I worked on the following projects in GSoC

Packages and PRs status open source code
Language Model Interface Approved PR#210
Statistical Tokenizer Approved and merged PR#51
Converting Tf weight to BSON Released Gist
ALBERT completed PR#203
ALBERT.jl completed Github Repo
GoogleDrive completed Github Repo


1. Language Model Interface

In the first phase of Google Summer of Code, I implemented the Language Model Interface. It provides implemented well-known Langauge models and Framework to create your own Language model with high-level APIs, which is complete and reviewed by my mentors.
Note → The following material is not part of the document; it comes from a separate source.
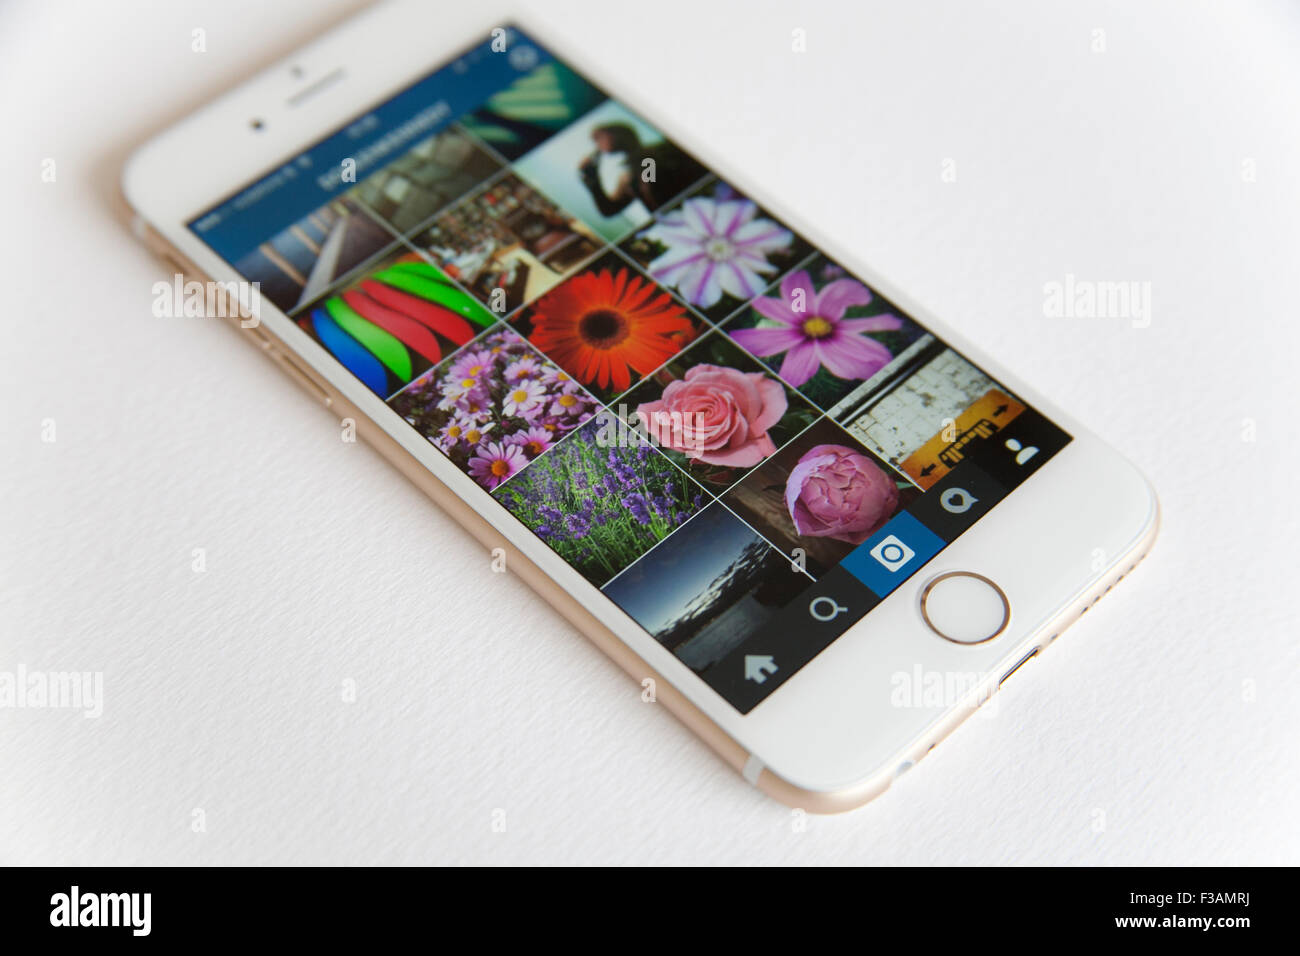 Oro e Bianco Apple iPhone 6 con un Instagram feed foto contro uno sfondo bianco Foto Stock

The blog on the same is here.

2. Statistical Tokenizer

SentencePiece is a re-implementation of sub-word units, an effective way to alleviate the open vocabulary problems in neural machine translation. SentencePiece supports two segmentation algorithms, byte-pair-encoding (BPE) [Sennrich et al.] and unigram language model. I have implemented the Sentencepiece Encoder to help Julia users in WordTokenizer. The implementation is described in the blog: Divergence - Tale of Sentencepiece Library and code can be found here

3. Converting Tensorflow weight to Desire Julia Format

We have converted Tensorflow weights release by Google Research to the following BSON files

In this version, we apply ‘no dropout’, ‘additional training data’ and ‘long training time’ strategies to all models.
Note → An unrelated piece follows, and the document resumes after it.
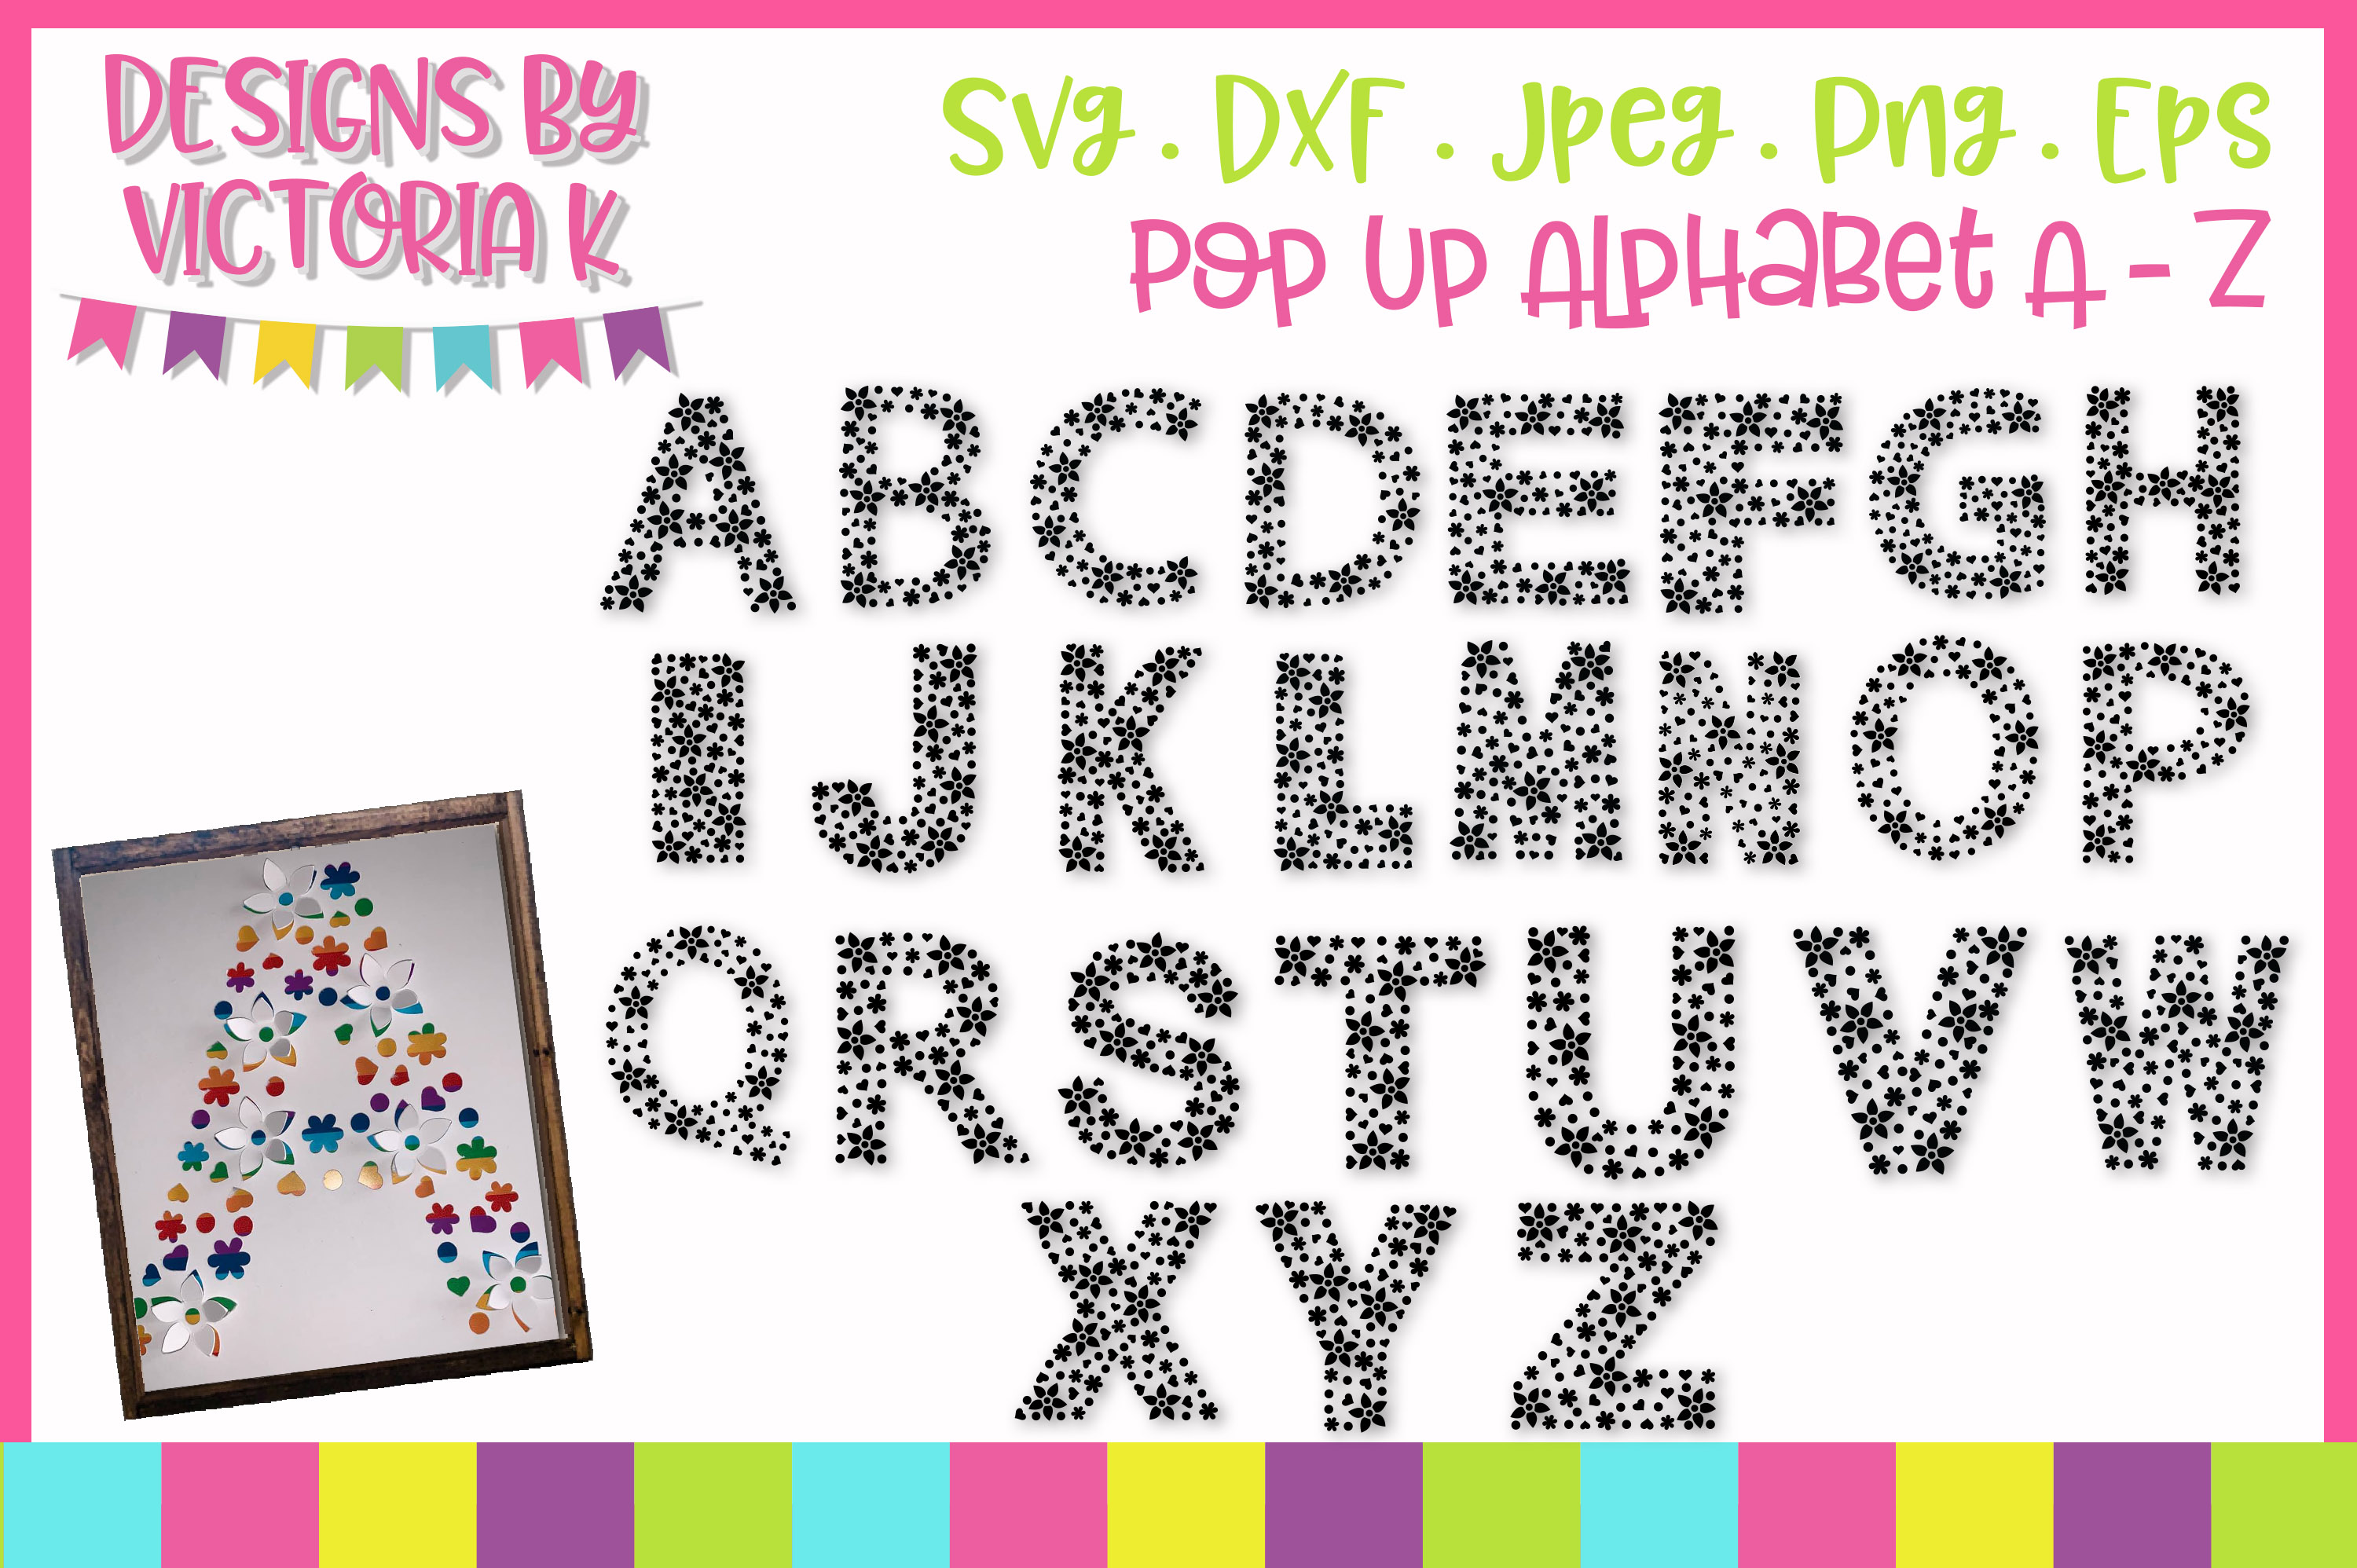 Pop up Alphabet A-Z, SVG Cut File

The code for conversion can be found here

4. ALBERT

ALBERT is “A Lite” version of BERT, a popular unsupervised language representation learning algorithm. ALBERT uses parameter-reduction techniques that allow for large-scale configurations, overcome previous memory limitations, and achieve better behavior with respect to model degradation. The Detail of ALBERT is describe in my proposal

The code reside in TextAnalysis PR#203 and kept on hold until the TextAnalysis is shifted to Zygote-based Flux

I have written the Blog: First sight of albert, the land of Transformers and the following tutorial for ALBERT


Other Packages and Blogs

The following packages are made as the part of Google Summer of Code

The following blogs are written by me as part of Google Summer of Code

Future Goal

I would also like to work on other ecosystems of Julia Lang

Acknowledgement

I would like to thank Google and JuliaLang for giving me this amazing opportunity to meet the most amazing people of Julia computing and other open source contributors. I am also grateful to my mentor @Aviks (Avik Sengupta) and @Ayushk4 (Ayush Kaushal) for guiding me through my project.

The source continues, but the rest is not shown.